Thank you for the timely issue of Pietisten. I appreciated your article and I would like the midrash and the "midrash" on the midrash which you mention. Take care and keep up the good work. Glenn Palmberg, Olathe, Kansas.


I would honestly agree with Mr. Sandstrom that free thought has always been a part of Covenant Tradition and I am greatly humbled when I read in I Cor. 8:2, that no man knows "as he ought to know." However, I would like to point out that one ingredient of that free thought was the test: Where is it written?

I would suggest that we can know nothing of God — apart from his eternal power and Godhead as seen in creation — without a revelation. If the Bible is that revelation, it would appear we can approach it as a collection of campfire stories and metaphors (as someone has said) connected together in 66 box cars or we can approach it as a book penned over some 1500 years by some 44 writers with no demonstrated errors and that the Bible is one integrated whole.

I would contend that the Bible is God's word and revelation to us, that our disagreements stem from our lack of understanding, and that any apparent contradiction in scripture bears further witness to our lack of understanding and study. I would furthermore suggest that to the enlightened mind there is adequate proof, both internal and external, that the Bible is God's word and a reliable canon. All the above having been said, I have problems with Mr. Sandstrom's position as to the virgin birth of the Lord Jesus Christ.
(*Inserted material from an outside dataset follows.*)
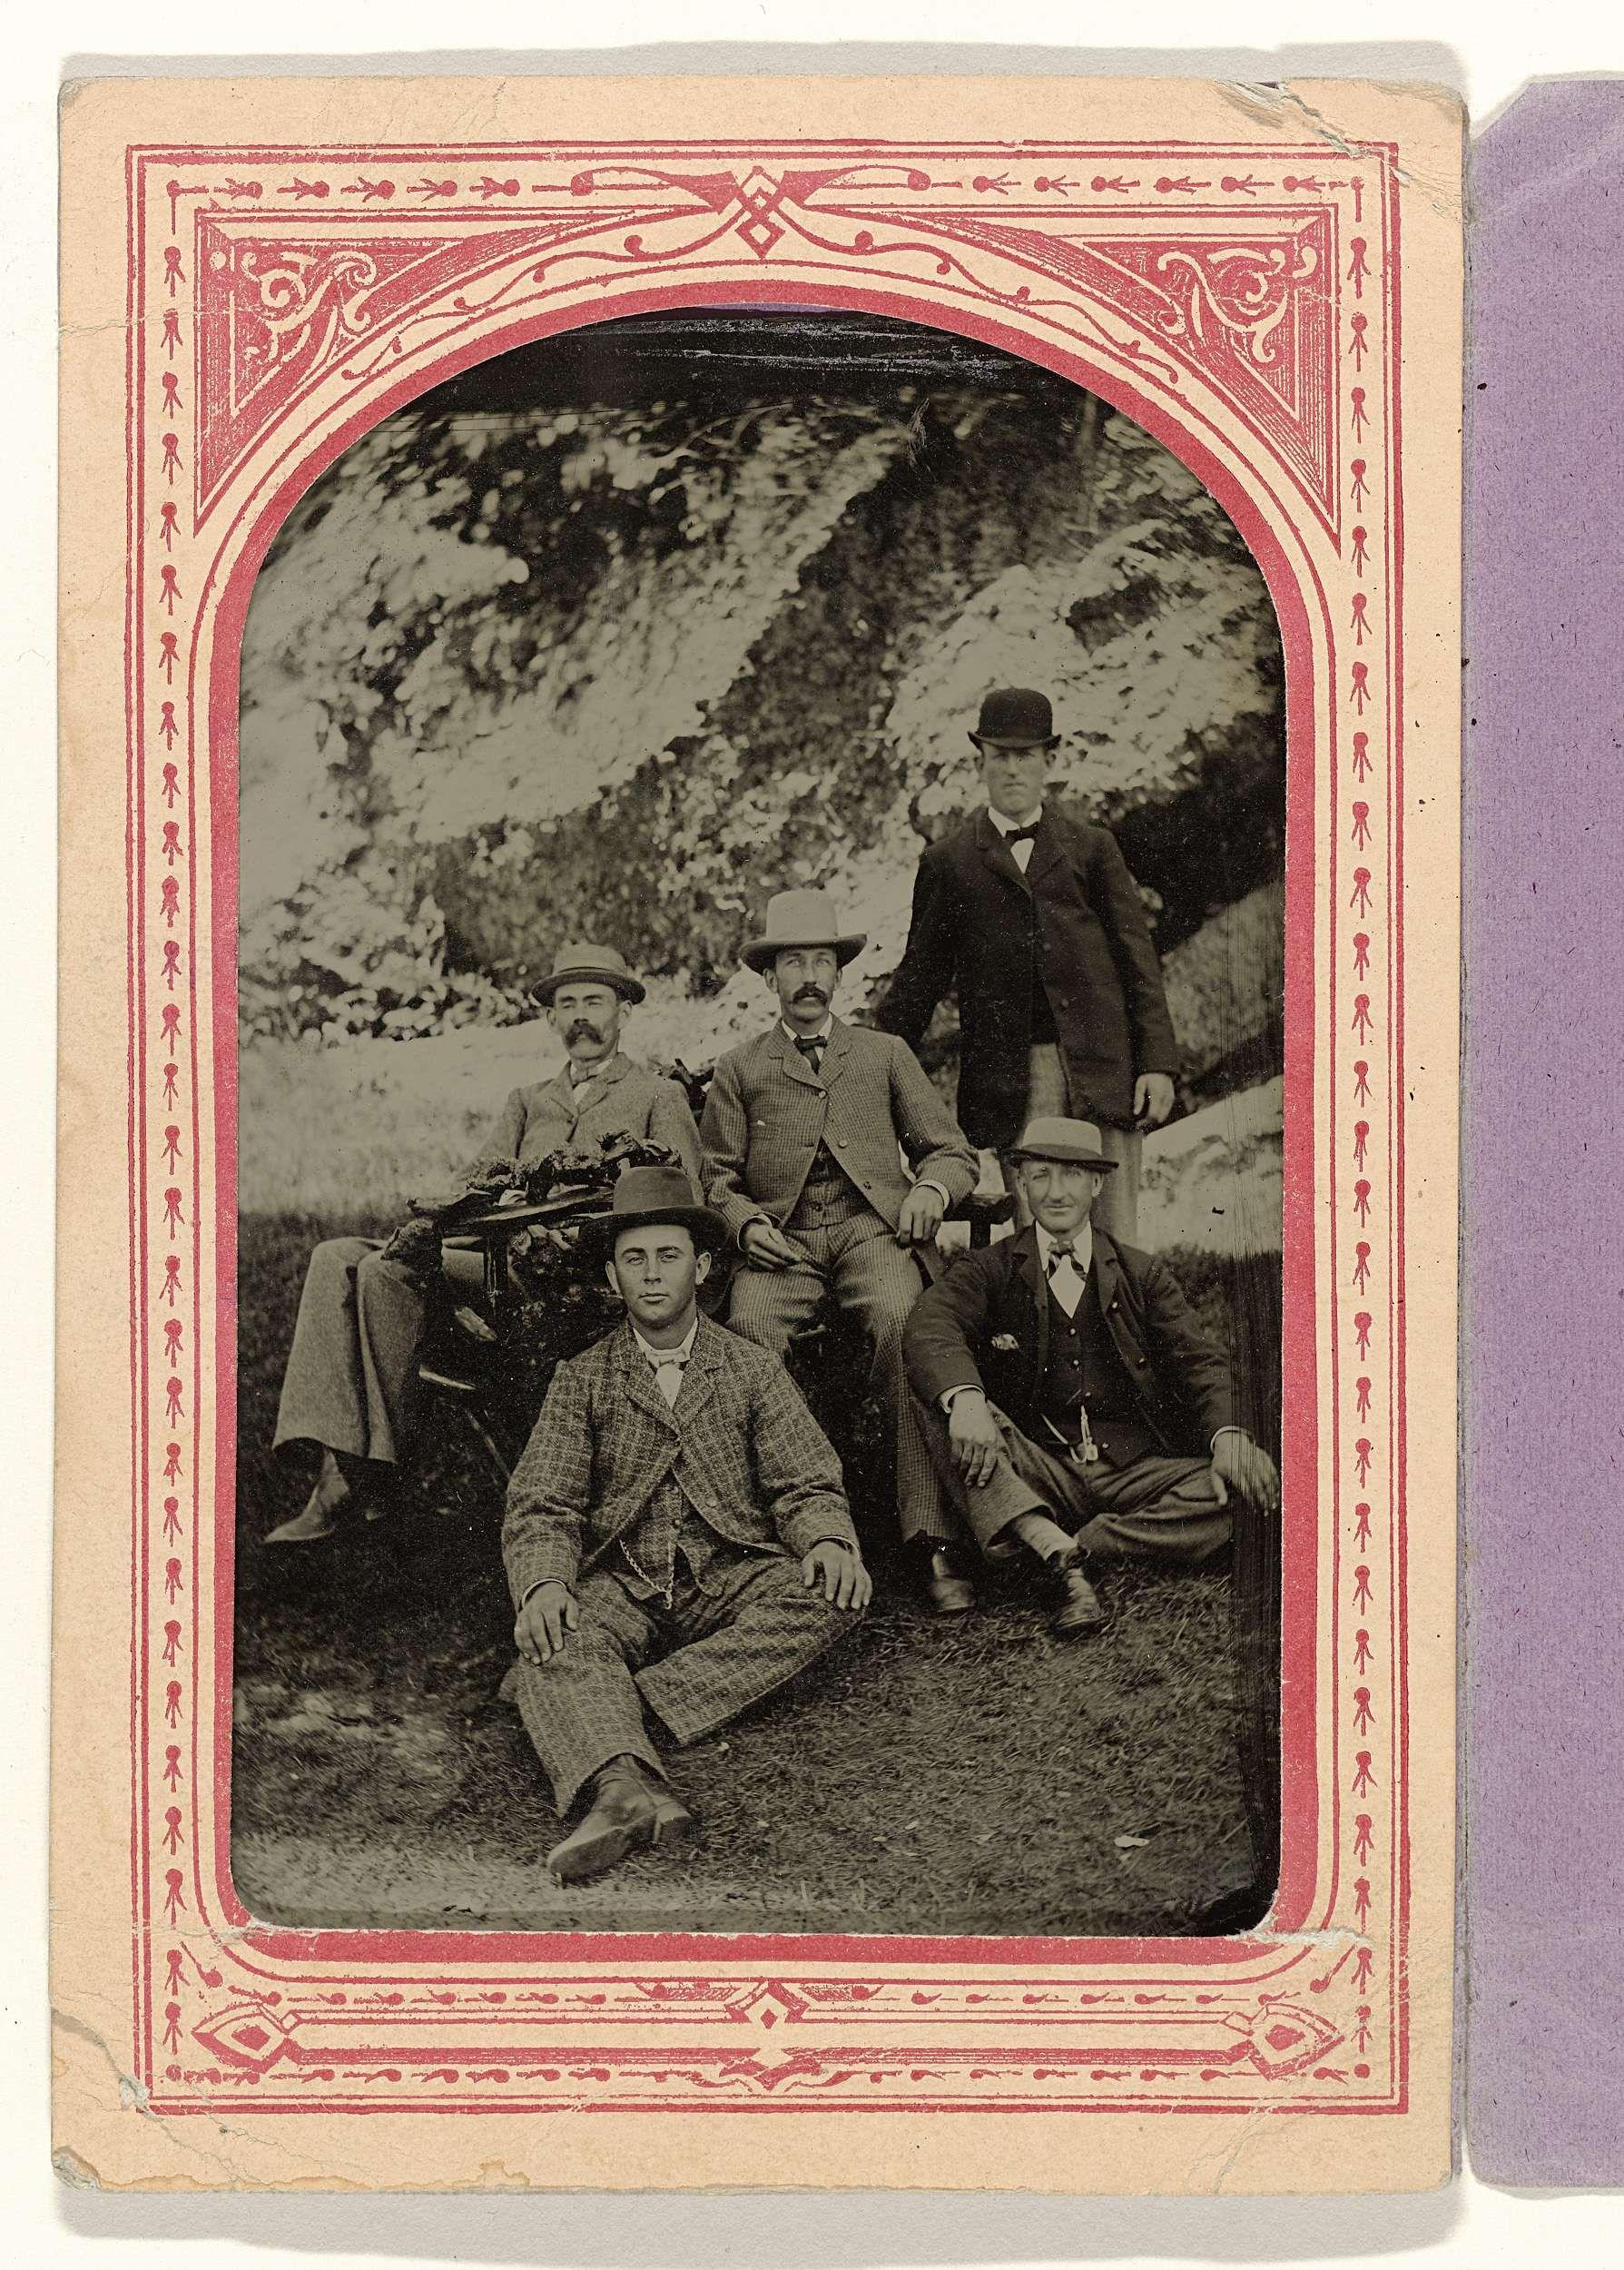 Groepsportret van vijf mannen, Rocky Point (Amusement Park), John Hiram Aylsworth, c. 1900 - c. 1910
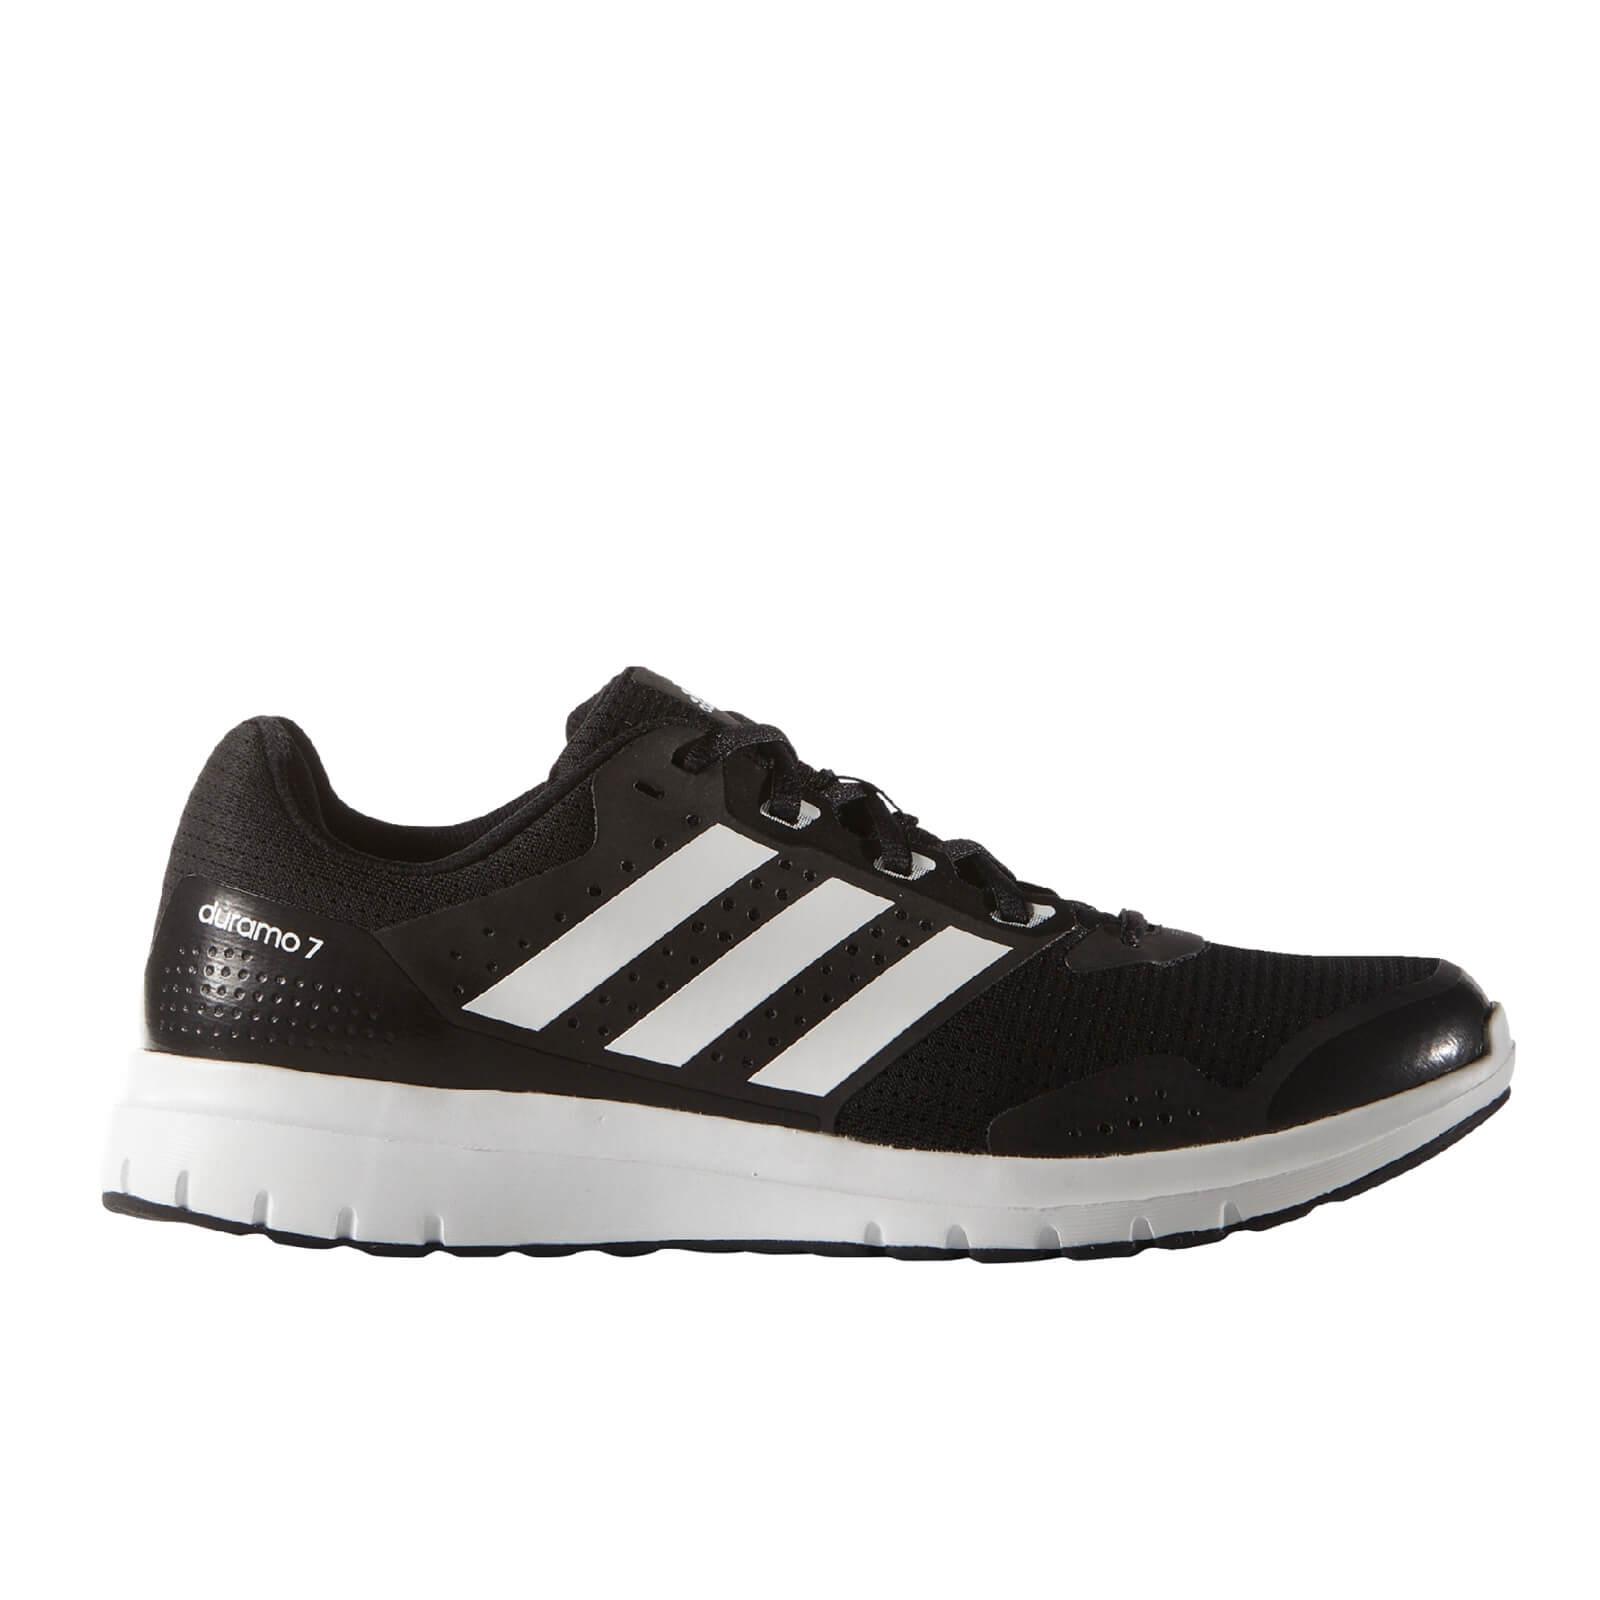 af89bae47d9 adidas Men s Duramo 7 Running Shoes - Black White

First, we have Luke's and Matthew's statements that Jesus Christ was born of a virgin, a statement that does not lend itself well to interpretation — though I would be the first to admit that in Isaiah 7: 14 (RSV) the statement is made that a young woman shall bear a son. (I believe, though, that investigation of the Hebrew will indicate that the term "young woman" was used only of a virgin.) To state that because the Lord Jesus Christ is referred to in a number of different ways is a basis to discount the virgin birth appears rather thin. In fact it would seem to me that to follow that logic I would have to go to the Old Testament and discount the majesty of my God by virtue of the numerous different titles used. One final note: I do not believe Mr. Sandstrom would have to go to the Nicene Creed for the statement of one substance with the Father. Rather, John 10:30 states "I and the Father are one."

Again I praise God for Pietisten. It drives me to the "word" to see "whether or not these things be so." Reginald Johnson, Vandalia, Illinois.